Long-time employees James Matthews (left), Bob Stiger
and Marilyn Kessler enjoyed catching up.
One of my favorite stories was shared by long-term employee Marilyn Kessler, who spent 32 years working in the bowling alley and then bartending later at Hagen's Club House Restaurant on the Donald Ross Course.  She talked about a couple from Jeffersonville who still comes every year. She said Mrs. Raymer would not accept the fact that the hotel would be closed for the restoration in  2005. "She wanted to bring a cot and sleep in the rubble," said Kessler. "They came anyway and invited my husband and myself, Sam, Stiger, Carissa and Derrick Miller and a few others to dinner in the Beechwood Mansion." Just down the road from the hotel, the mansion, which had been the personal residence of Ed Ballard, one-time owner of West Baden Springs Hotel, featured one of the −if not the− nicest restaurants in town.  

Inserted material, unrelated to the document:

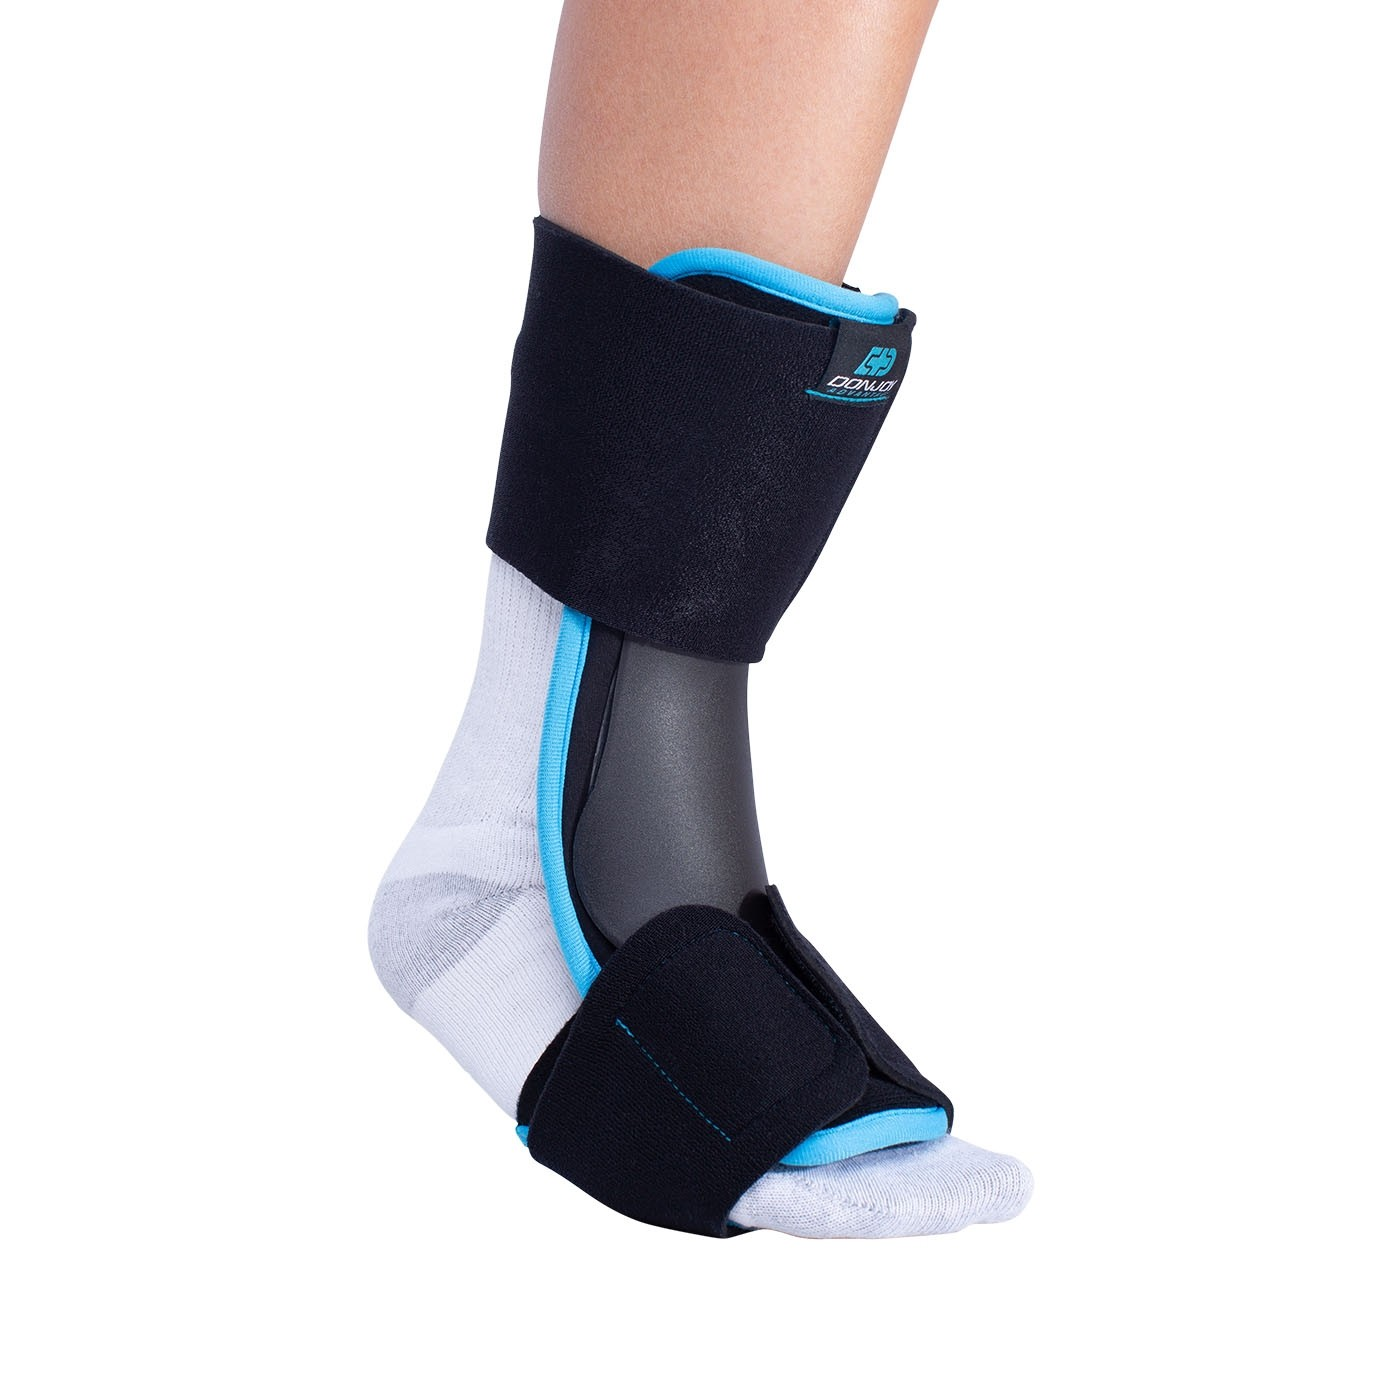 f2de706268 DonJoy Advantage Plantar Fasciitis Night Splint & Achilles Tendonitis Brace

Children came up several times in the conversation, and each time you could see Sam's eyes light up with joy. He loved kids and really heeded the advice he got early on: take care of the kids and they will return with their kids. That is exactly what happened with families like the Ramers from Jeffersonville, Indiana, who continue to send Sam a Christmas card every year. "Return guests still ask for him by name," said Bob Stiger, who is celebrating his 52nd year with the resort. That fact is not taken lightly by Sam, "You'd be surprised that they don't forget ya."

Who could forget someone who gave his heart and soul to making sure each guest felt like they were his only guest? Certainly not us!